**THE TASK:**
Only the tail of the listing is wanted: the line containing "一般吧，对于想入门FPGA的" and all after it, repeated exactly, pictures omitted.

**DATASET CONTENT:**
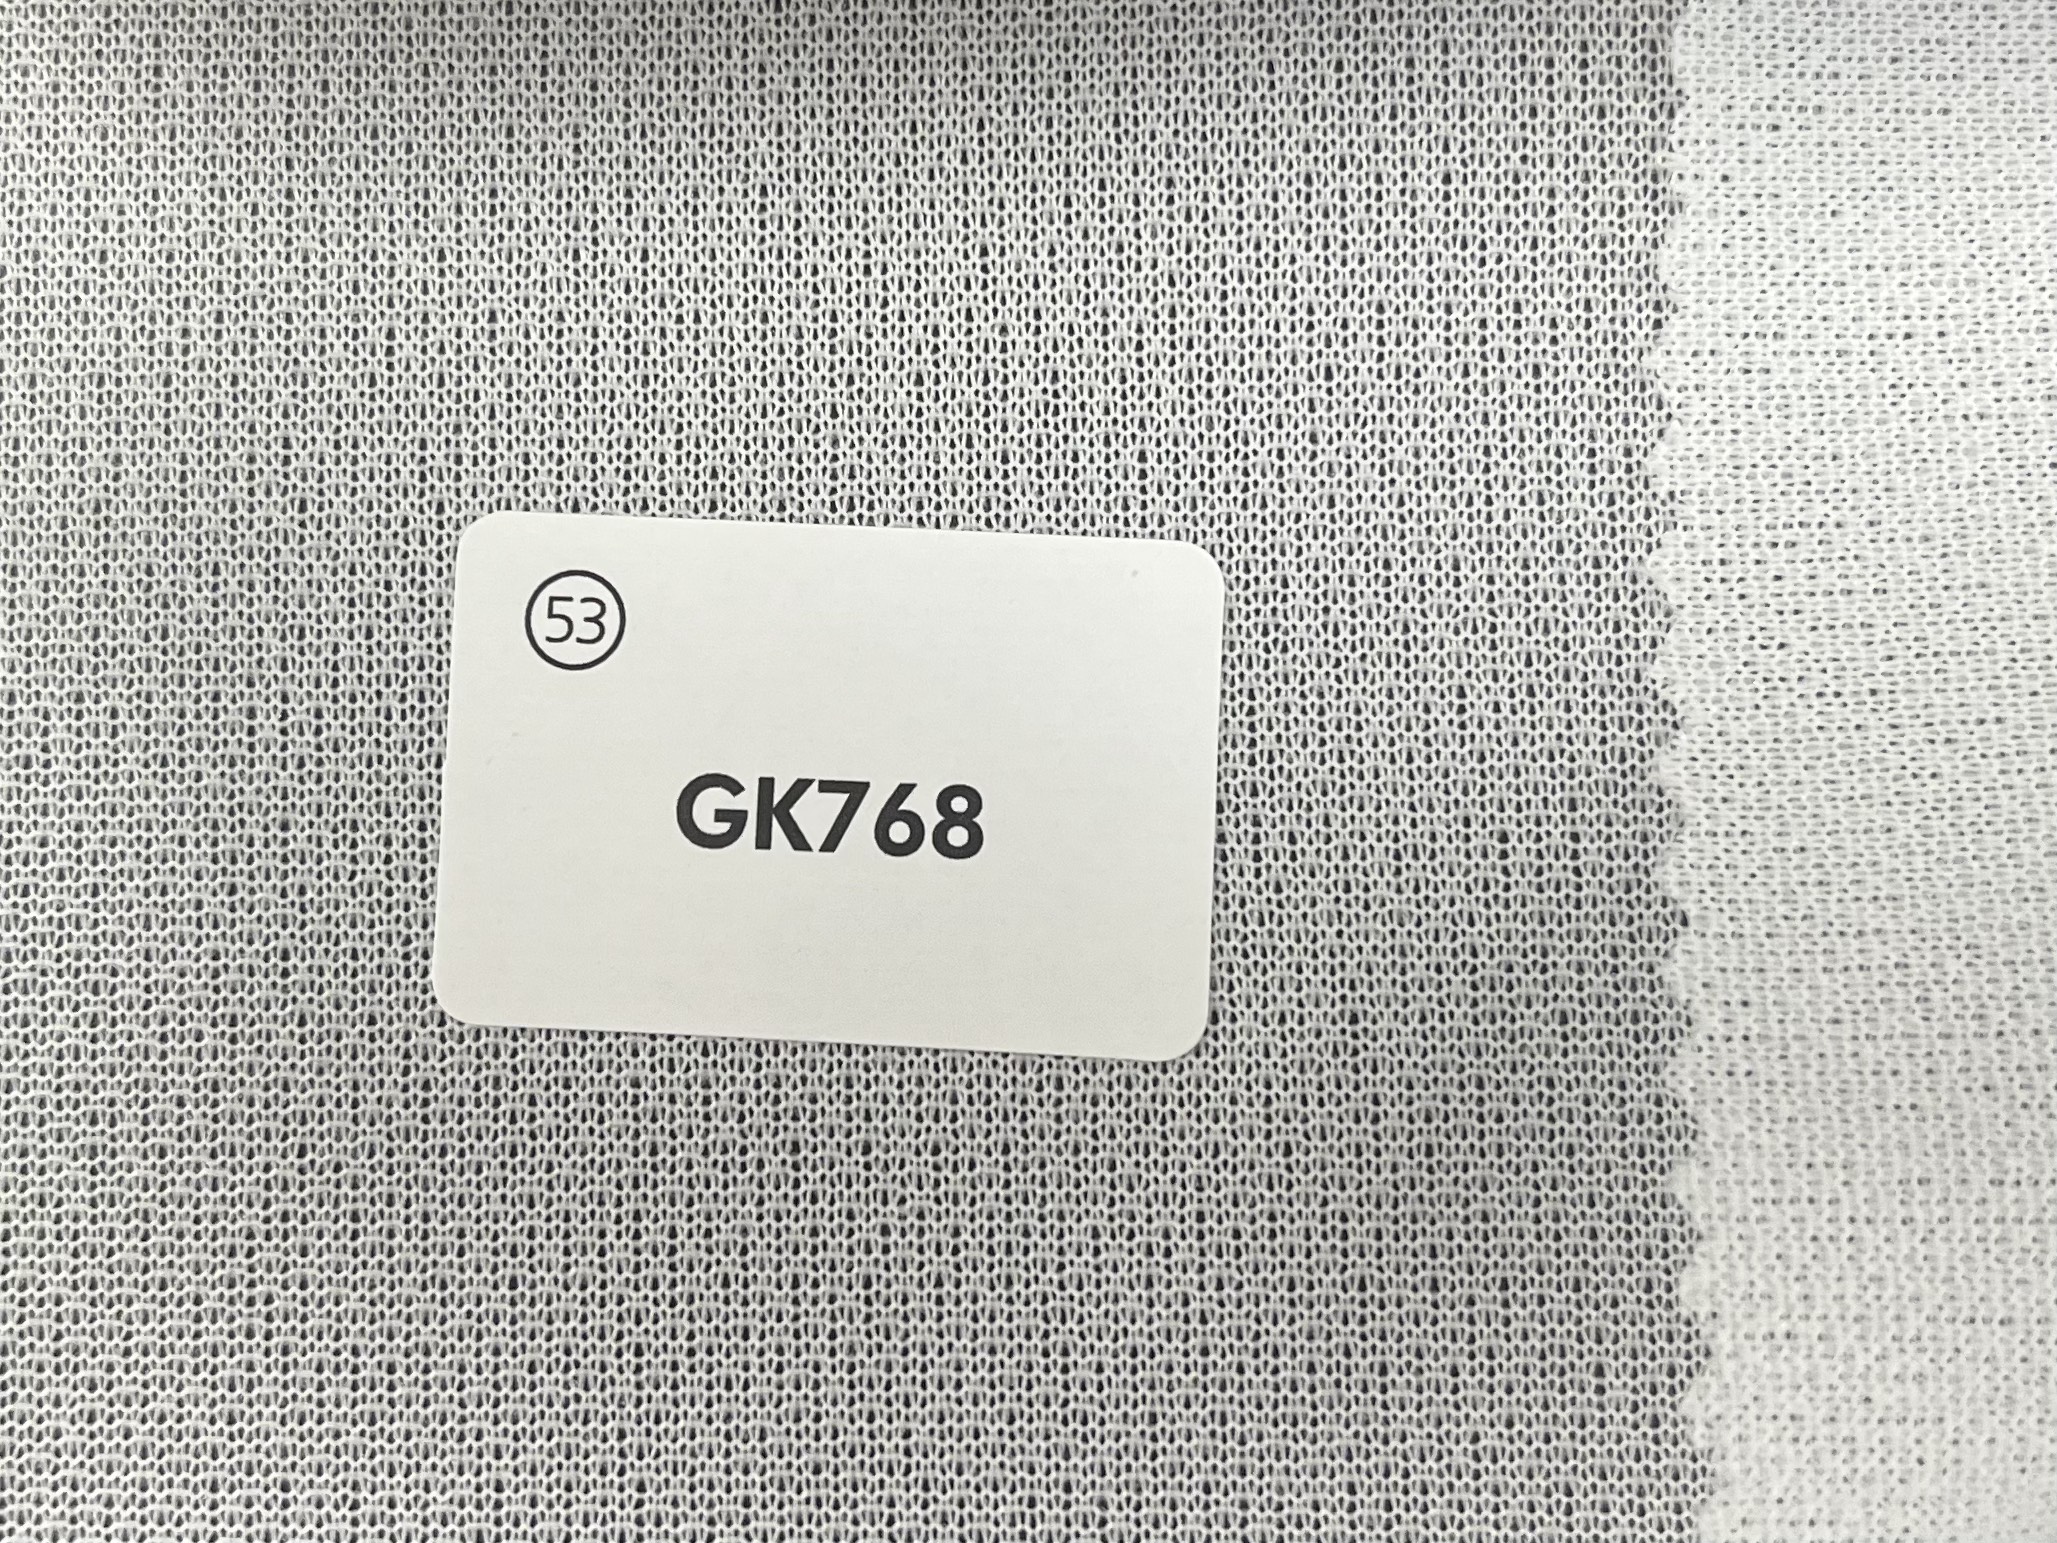 GK768
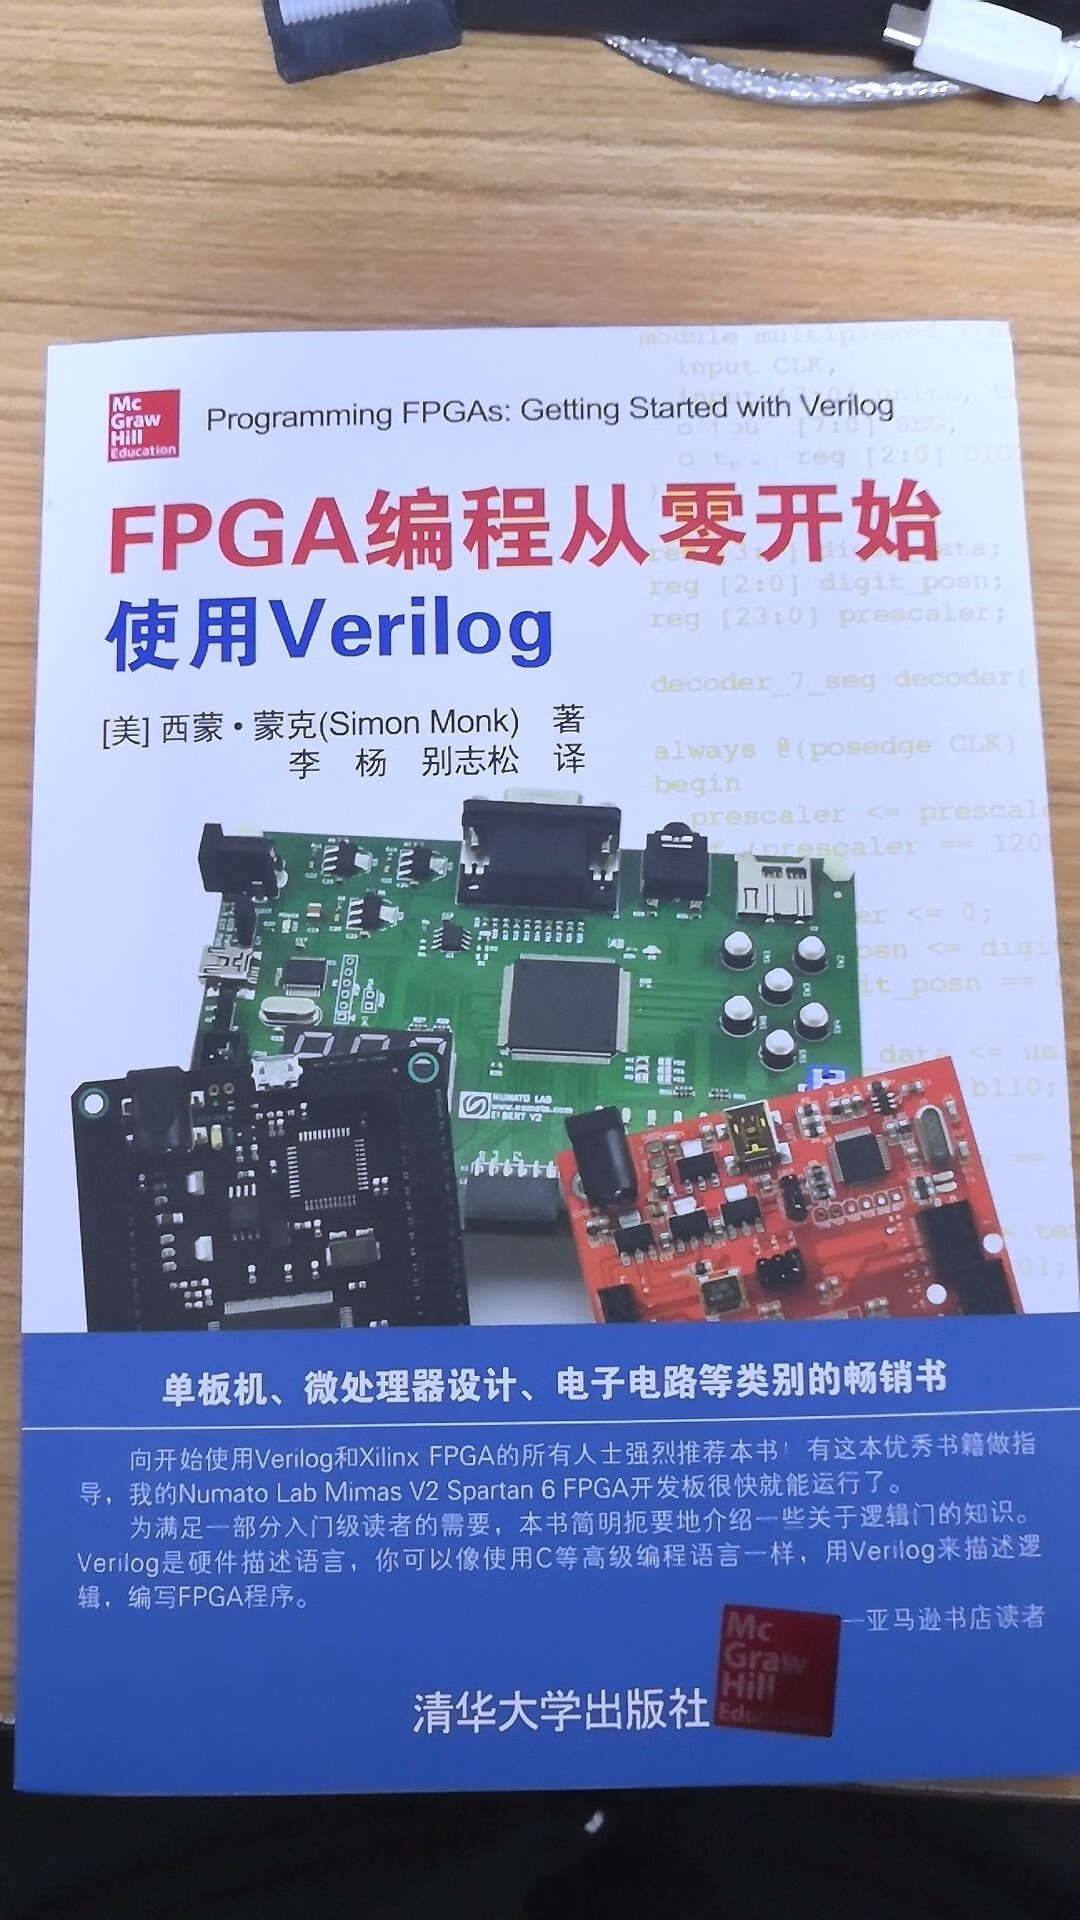 一般吧，对于想入门FPGA的来说可以那这本书了解了解试试水还可以。在深入就找更专业的书籍吧
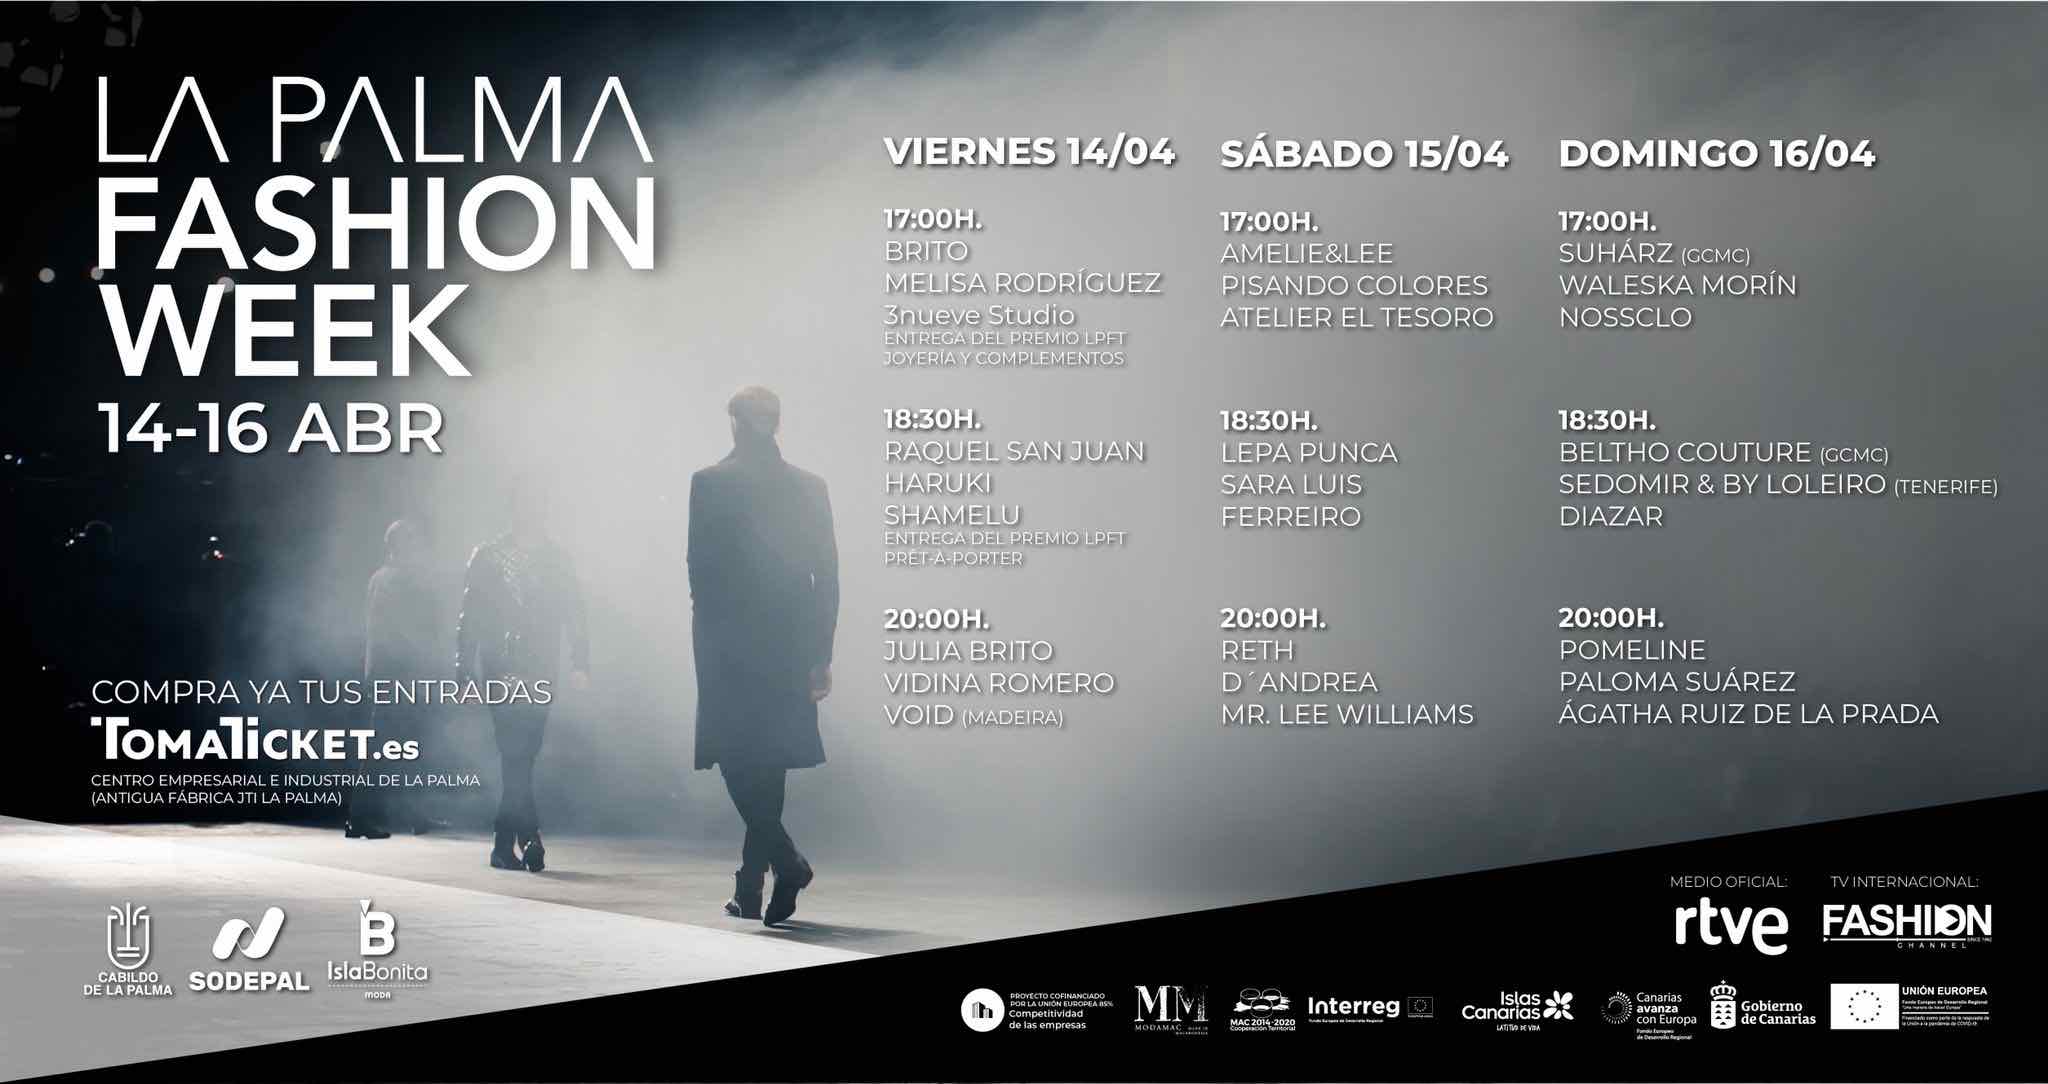 Isla Bonita Moda anuncia el calendario definitivo de La Palma Fashion Week y pone a la venta las entradas para asistir al evento

**ANSWER TO THE EXERCISE:**
 一般吧，对于想入门FPGA的来说可以那这本书了解了解试试水还可以。在深入就找更专业的书籍吧
 Isla Bonita Moda anuncia el calendario definitivo de La Palma Fashion Week y pone a la venta las entradas para asistir al evento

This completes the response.